AWS::CloudWatch::Dashboard

The AWS::CloudWatch::Dashboard resource in AWS CloudFormation is used to automate the creation, deployment, and management of customized telemetry dashboards in Amazon CloudWatch. It allows you to visualize infrastructure health, application performance, and operational metrics as code.

Core Purposes

  • Infrastructure as Code (IaC): Defines operational dashboards inside CloudFormation templates to spin them up automatically alongside your resources.

  • Centralized Monitoring: Combines metrics, logs, and alarms from multiple AWS resources and regions into a single, cohesive visual interface.

  • Team Standardization: Deploys identical, pre-configured monitoring layouts across different AWS accounts (e.g., Development, Staging, Production).

  • Faster Incident Response: Provides DevOps and SRE teams with immediate visual context during system outages or performance degradation.

  • Resource Lifecycles: Deletes or updates monitoring views automatically when the underlying application stack is modified or torn down.

Key Capabilities

  • Dynamic Customization: Supports various visualization widgets including line charts, stacked area graphs, single-value stats, alarm statuses, and markdown text blocks.

  • Log Insights Integration: Embeds CloudWatch Logs Insights query results directly into the visual grid to view structured log data next to performance charts.

  • Flexible Layouts: Uses a coordinate grid system ((X, Y) axes with height and width parameters) to precisely control widget positioning and sizing.

  • Variable Timelines: Allows users to change time horizons globally or set specific time frames per individual widget.

In the ML Provisioner

  • Tier: Professional, Enterprise

  • Count: 1 per stack

  • Role: Provides a pre-built monitoring view for the ML pipeline stack. Surfaces key operational metrics — pipeline execution status, CodeBuild durations, and model approval events — in a single pane without requiring manual dashboard setup.

  • SSM output: /ml/{product-name}/DashboardName

Basic Syntax Example

MyCloudWatchDashboard:
  Type: AWS::CloudWatch::Dashboard
  Properties:
    DashboardName: Production-Overview-Dashboard
    DashboardBody: '{"widgets":[{"type":"metric","x":0,"y":0,"width":12,"height":6,"properties":{"metrics":[["AWS/EC2","CPUUtilization","InstanceId","i-0123456789abcdef0"]],"period":300,"stat":"Average","region":"us-east-1","title":"EC2 CPU Utilization"}}]}'

AWS::IAM::ManagedPolicy

The AWS::IAM::ManagedPolicy resource in AWS CloudFormation creates a standalone Identity and Access Management (IAM) policy that you can attach to multiple users, groups, or roles.

Primary Purposes

  • Centralized Permission Management: Define a security policy once and apply it to multiple IAM identities.

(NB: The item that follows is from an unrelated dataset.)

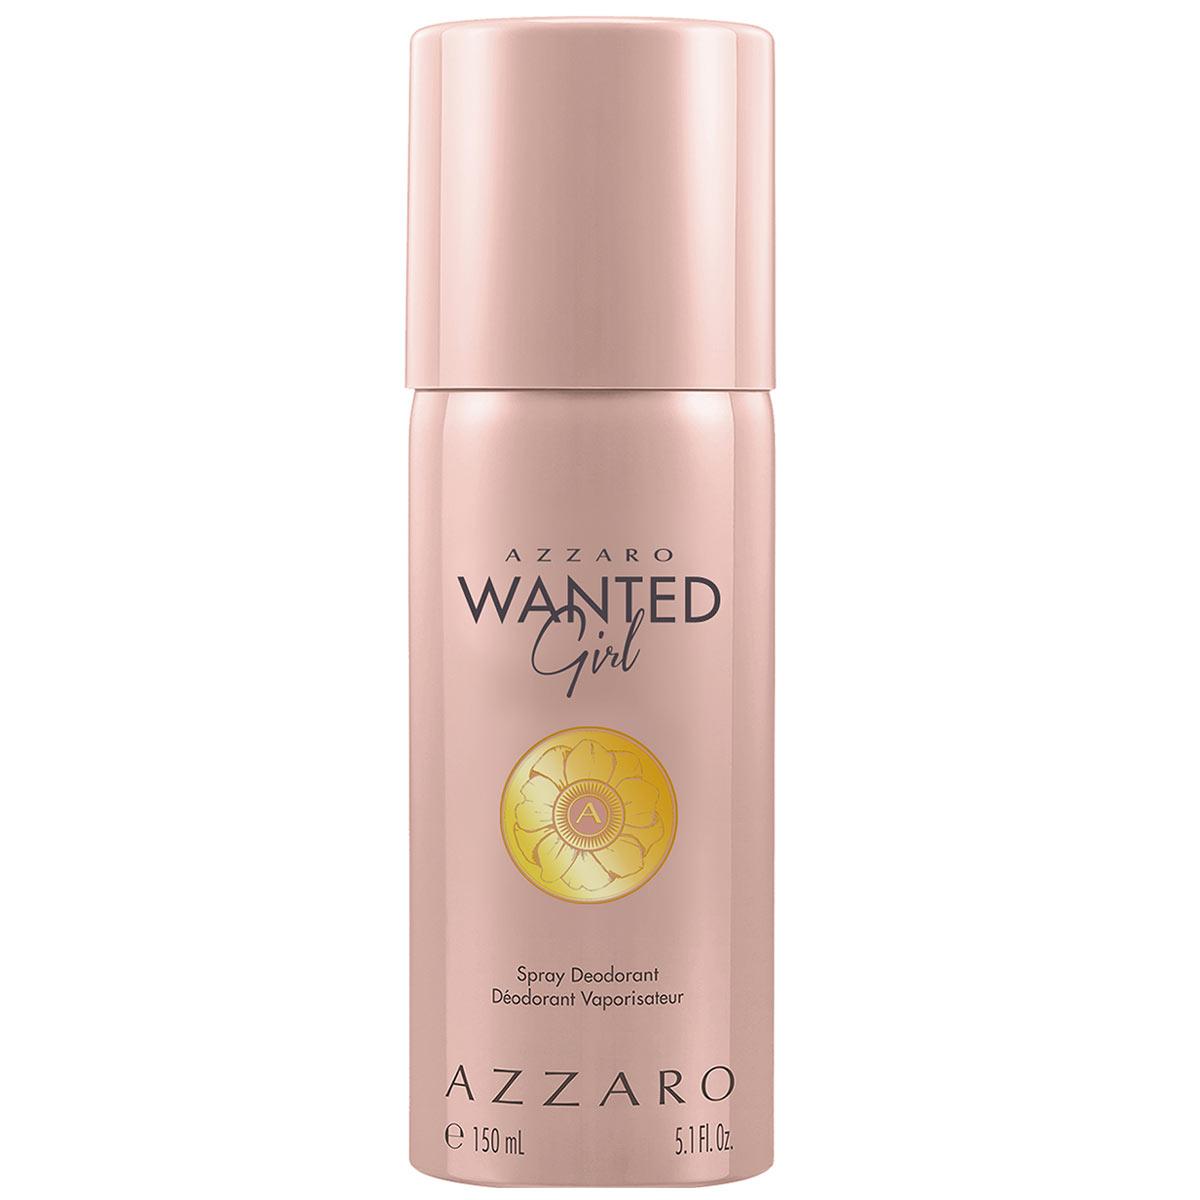 Déodorant spray Wanted Girl - AZZARO

  • Reusability: Shared across many users, groups, and roles to avoid duplicating JSON code.

  • Automatic Updates: Changing the managed policy automatically updates permissions for all attached identities.

  • Version Control: AWS automatically retains historical versions of the policy, allowing quick rollbacks if errors occur.

  • Granular Access Control: Enforces least-privilege access by explicitly defining allowed or denied AWS actions and resources.

Key Use Cases

  • Job Function Policies: Creating standard profiles like ReadOnlyAccess or DatabaseAdministrator for specific team roles.

  • Compliance Enforcement: Applying mandatory security baselines across all development teams.

  • Cross-Account Roles: Managing permissions for external or cross-account access securely

In the ML Provisioner

  • Tier: Professional (x2), Enterprise (x3)

  • Role: Provides reusable, versioned permission sets attached to IAM roles in the stack.

    • Professional: enhanced-build-policy and enhanced-deploy-policy — extend the base CodeBuild and CodePipeline roles with additional permissions required for monitoring and artifact management

    • Enterprise adds: permission-boundary — sets the maximum permissions ceiling for all IAM roles in the stack, enforcing least-privilege at the boundary level regardless of what policies are attached

AWS::KMS::Key

AWS::KMS::Key creates and manages a logical AWS Key Management Service (KMS) key. This CloudFormation resource acts as a root of trust. It provides secure cryptographic keys used to encrypt and decrypt data across your AWS ecosystem.

Primary Purposes

  • Data Encryption: Generates the master keys needed to encrypt data at rest.

  • Access Control: Attaches key policies to define exactly who can use or manage the key.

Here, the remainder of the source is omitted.